CKA Tip: Always check Events in kubectl describe pod when a pod is stuck in Pending.


2. nodeSelector

The simplest way to constrain a pod to specific nodes. Matches exact node labels.

2.1 Label a Node

1
2
3
4
5
6
7
8
# Add a label
kubectl label node worker-1 disktype=ssd

# Verify
kubectl get nodes --show-labels | grep disktype

# Remove a label
kubectl label node worker-1 disktype-

2.2 Use nodeSelector in a Pod

apiVersion: v1
kind: Pod
metadata:
  name: ssd-pod
spec:
  nodeSelector:
    disktype: ssd
  containers:
  - name: app
    image: nginx
1
2
3
# Imperative (generate YAML, then add nodeSelector)
kubectl run ssd-pod --image=nginx --dry-run=client -o yaml > pod.yaml
# Edit pod.yaml to add nodeSelector

2.3 Built-in Node Labels

Every node has these labels automatically:

Label Example Value
kubernetes.io/hostname worker-1
kubernetes.io/os linux
kubernetes.io/arch amd64
node.kubernetes.io/instance-type m5.large (cloud)
topology.kubernetes.io/zone us-east-1a (cloud)
topology.kubernetes.io/region us-east-1 (cloud)

3. Node Affinity

More expressive than nodeSelector — supports operators, soft/hard preferences, and multiple conditions.

3.1 Required vs Preferred

Type Behavior Equivalent to
requiredDuringSchedulingIgnoredDuringExecution Hard — pod won't schedule if no node matches nodeSelector (but more flexible)
preferredDuringSchedulingIgnoredDuringExecution Soft — scheduler prefers matching nodes but will schedule elsewhere if needed No equivalent

"IgnoredDuringExecution" means if a node's labels change after the pod is scheduled, the pod is NOT evicted.
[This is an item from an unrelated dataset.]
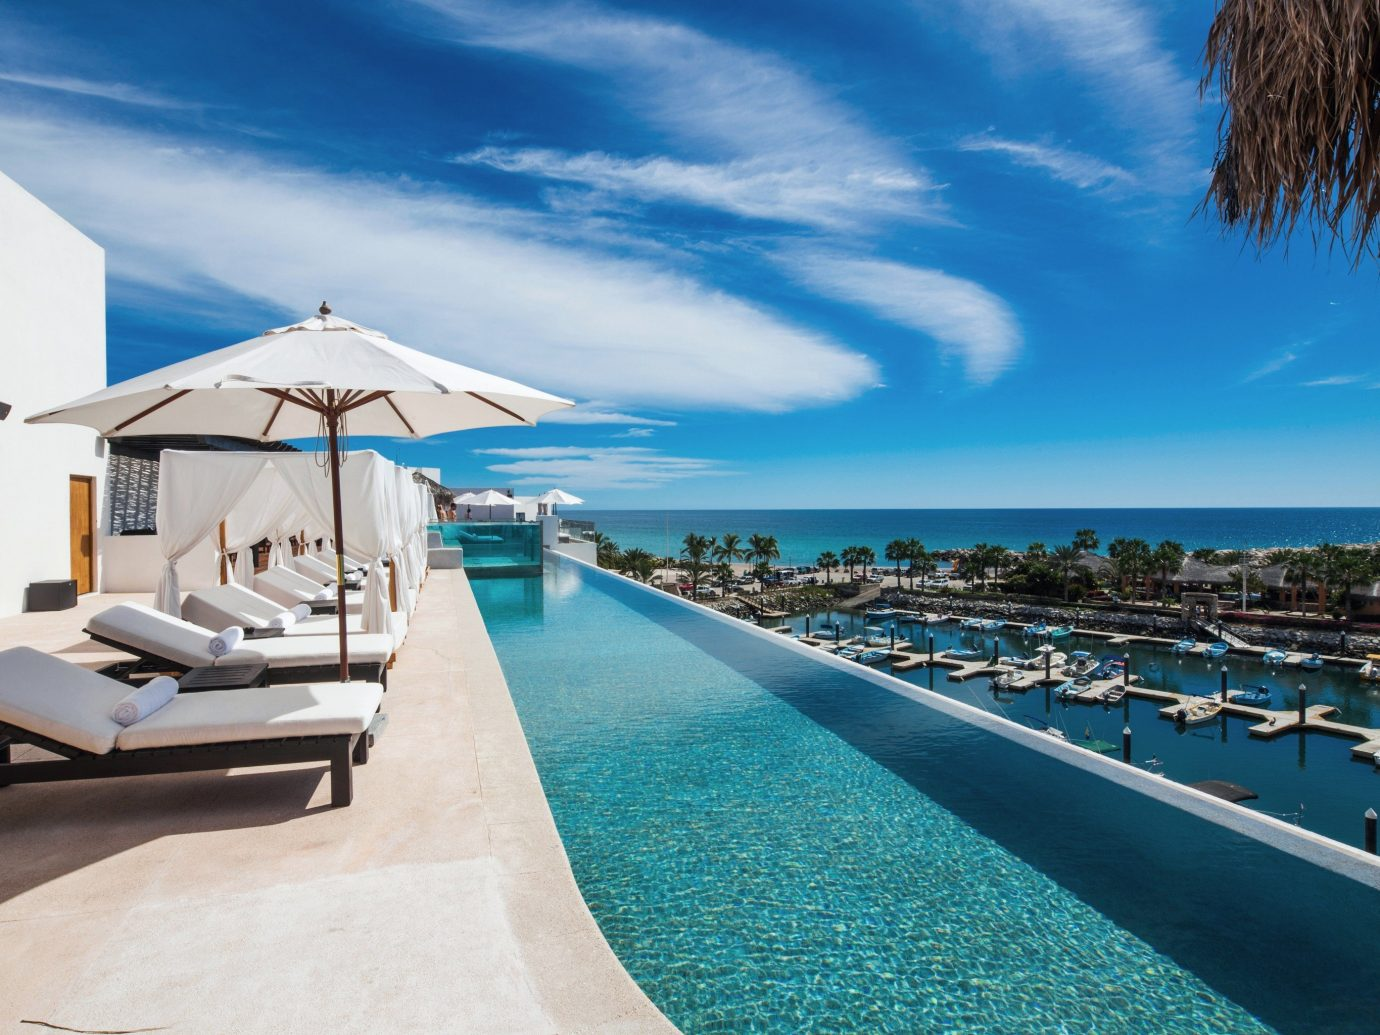 Hotels sky outdoor water chair Beach Sea vacation Ocean caribbean swimming pool Resort marina estate Coast bay dock Lagoon blue lined shore sandy

It stays where it is.

3.2 Required (Hard) Node Affinity

apiVersion: v1
kind: Pod
metadata:
  name: hard-affinity
spec:
  affinity:
    nodeAffinity:
      requiredDuringSchedulingIgnoredDuringExecution:
        nodeSelectorTerms:
        - matchExpressions:
          - key: disktype
            operator: In
            values:
            - ssd
            - nvme
  containers:
  - name: app
    image: nginx

3.3 Preferred (Soft) Node Affinity

apiVersion: v1
kind: Pod
metadata:
  name: soft-affinity
spec:
  affinity:
    nodeAffinity:
      preferredDuringSchedulingIgnoredDuringExecution:
      - weight: 80                    # 1-100, higher = stronger preference
        preference:
          matchExpressions:
          - key: disktype
            operator: In
            values:
            - ssd
      - weight: 20
        preference:
          matchExpressions:
          - key: topology.kubernetes.io/zone
            operator: In
            values:
            - us-east-1a
  containers:
  - name: app
    image: nginx

3.4 Combining Required and Preferred

spec:
  affinity:
    nodeAffinity:
      requiredDuringSchedulingIgnoredDuringExecution:
        nodeSelectorTerms:
        - matchExpressions:
          - key: kubernetes.io/os       # MUST be linux
            operator: In
            values: ["linux"]
      preferredDuringSchedulingIgnoredDuringExecution:
      - weight: 100
        preference:
          matchExpressions:
          - key: disktype               # PREFER ssd
            operator: In
            values: ["ssd"]

3.5 Operators

Operator Meaning
In Label value is in the list
NotIn Label value is NOT in the list
Exists Label key exists (value doesn't matter)
DoesNotExist Label key does NOT exist
Gt Label value is greater than (numeric)
Lt Label value is less than (numeric)

4. Pod Affinity and Anti-Affinity

Controls pod placement relative to other pods, not nodes.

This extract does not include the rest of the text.